Making key shifts to personal care
Following the recent expansion to the Integrated Personal Commissioning programme, Hampshire Operations Manager Jo Hooper talks about the progress made locally to ensure people are getting more choice and flexibility around the type of care they receive.
As a demonstrator site for the Integrated Personal Commissioning (IPC) Programme, Hampshire is one of a number of areas across the country making great strides in finding solutions to integrating care that really work for individual people.
We are building on learning and progress made from implementing personal budgets in social care, and personal health budgets in the NHS.
Integrated Personal Commissioning is a national initiative that allows people with complex health needs to have much more personal, flexible packages of care, which are built and designed with them and their families at the centre, and including the option of an integrated personal budget that combines funding across health and social care wherever possible.
IPC is about making “five key shifts” in how health and social care systems and professionals deliver care, so that in addition to personal budgets, people also have access to more peer support and local community resources, with greater connections made between statutory services and the voluntary and community sector.

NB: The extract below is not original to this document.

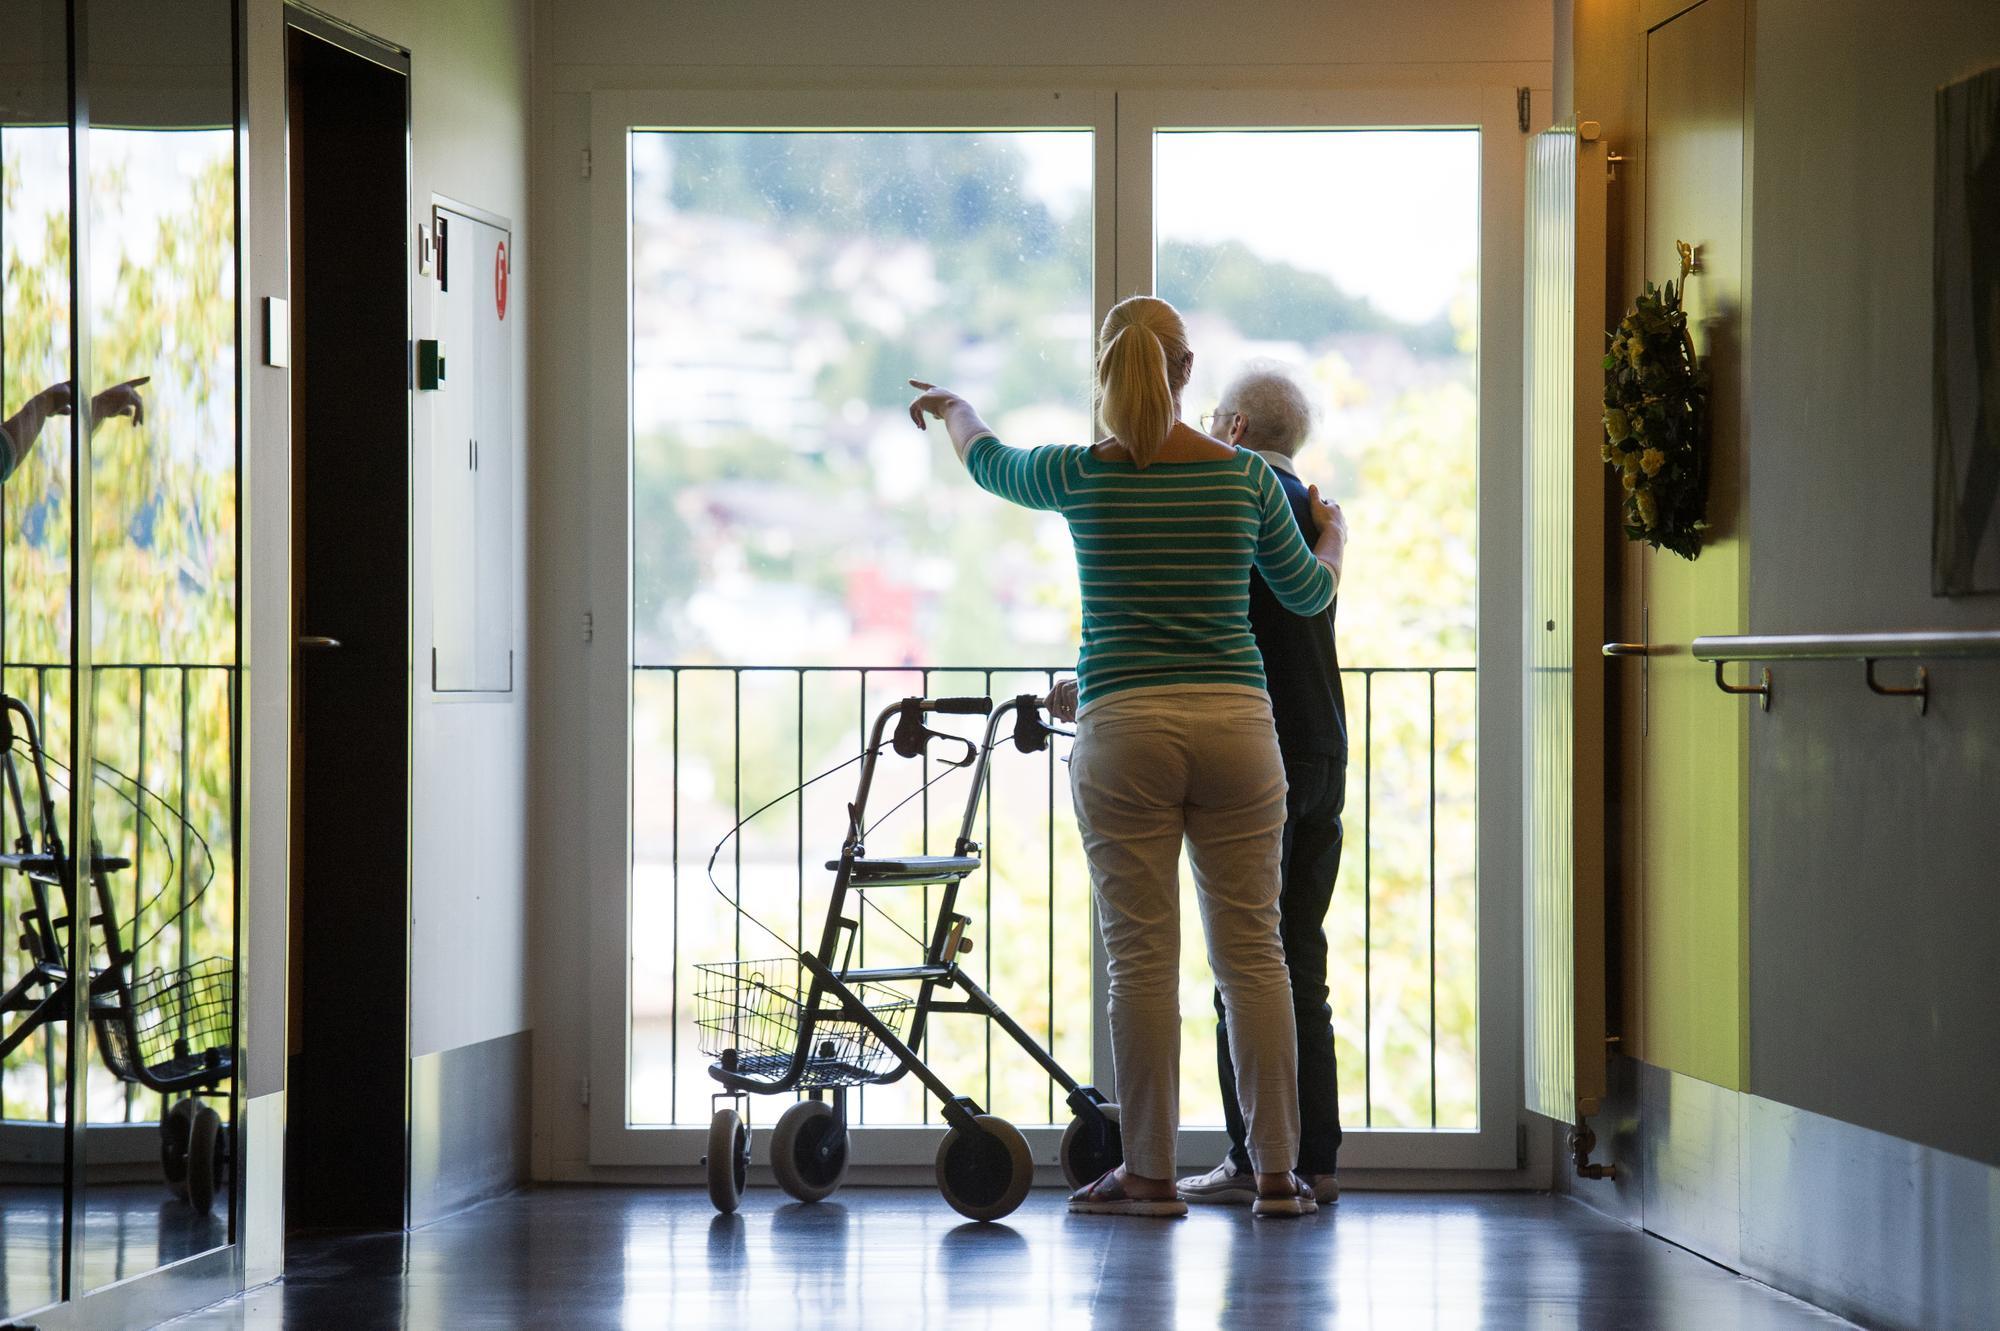 pflegeheime in der region luzern weniger bewohner und. Black Bedroom Furniture Sets. Home Design Ideas

In Hampshire we are working to deliver IPC, locally known as “My Life, My Way”, for disabled children and adults, as well as young people who are in transition from children to adult services. We aim to ensure that over 1,000 people locally have a personal health budget or integrated personal budget by 2018.
We want our young people who are moving on to adulthood to be able to say “Transition, what transition?” and we believe that IPC offers a clear, innovative and comprehensive framework to deliver that ambition.
To build the capacity of the voluntary sector in supporting our families, over the past year we’ve invested money in a local advocacy service that now provides external facilitation for some of our “different conversation” meetings, where personalised care and support planning conversations take place with individuals and families.
They provide a service that is independent from health and social care, and they can ask us difficult questions if need be, to ensure individuals are kept at the centre of all conversations. As a trained learning disability nurse by background, I know how hard it can be to balance being a budget holder, gatekeeper and the person leading the person-centred planning.
I’ve also been fortunate in my role to see directly the positive impact that IPC has had on some of our local families, four of whom joined us at a visit from the programme team at NHS England towards the end of last year. People like Liam Derbyshire and his dad Pete, who through IPC have been supported to have an integrated package of care, focussing not just on Liam’s health needs, but the family’s needs as a whole:
Their view is: “For the first time in seventeen years we have finally got a joined-up solution for Liam and a fully joined up plan. We now have a clearer understanding of not just his medical care needs but a clearer plan for Liam’s transition from children’s to adult services too”.
Although it might be sobering to hear that joining up care across health, social care and education represents a big step forward, anyone who works in health and social care will recognise the continuing disconnect across these sectors. Amid what is undoubtedly a difficult time for NHS budgets, and an even harder one for social care, IPC is effectively establishing a ‘new care model’ for people with some of the most complex needs in our society.
Reflecting on our progress so far, it’s safe to say we have a way to go before everyone understands the vision, but what I tell my colleagues is that results can be seen in IPC with just tweaks to the process, which can lead to a much better outcome for people. Simple tools that identify, for example, what makes a ‘good day’ for a person, rather than focussing on their condition or clinical need, can help move the focus to a more strengths-based approach, and shift us away from continuing to be the ‘great rescuers’ that we’ve traditionally been in health and social care.
There are so many competing demands on professionals’ time that prioritising IPC can be a real challenge, and this is why I’m delighted to see that the programme is now expanding to six new areas across the country.
The increase in national coverage will support IPC to gain the recognition and uptake that it warrants during 2017, and ensure that IPC can reach more families, both in Hampshire and across the country.
One comment
When are these so called health professionals going to say that you can’t have integrated care on the cheap. what happens when the personal budget expires? or if the voluntary sector can’t take up the slack. I am afraid people have seen through the weasel worded presentations. sorry but the NHS can not stand a total cut of £42 Billion and survive.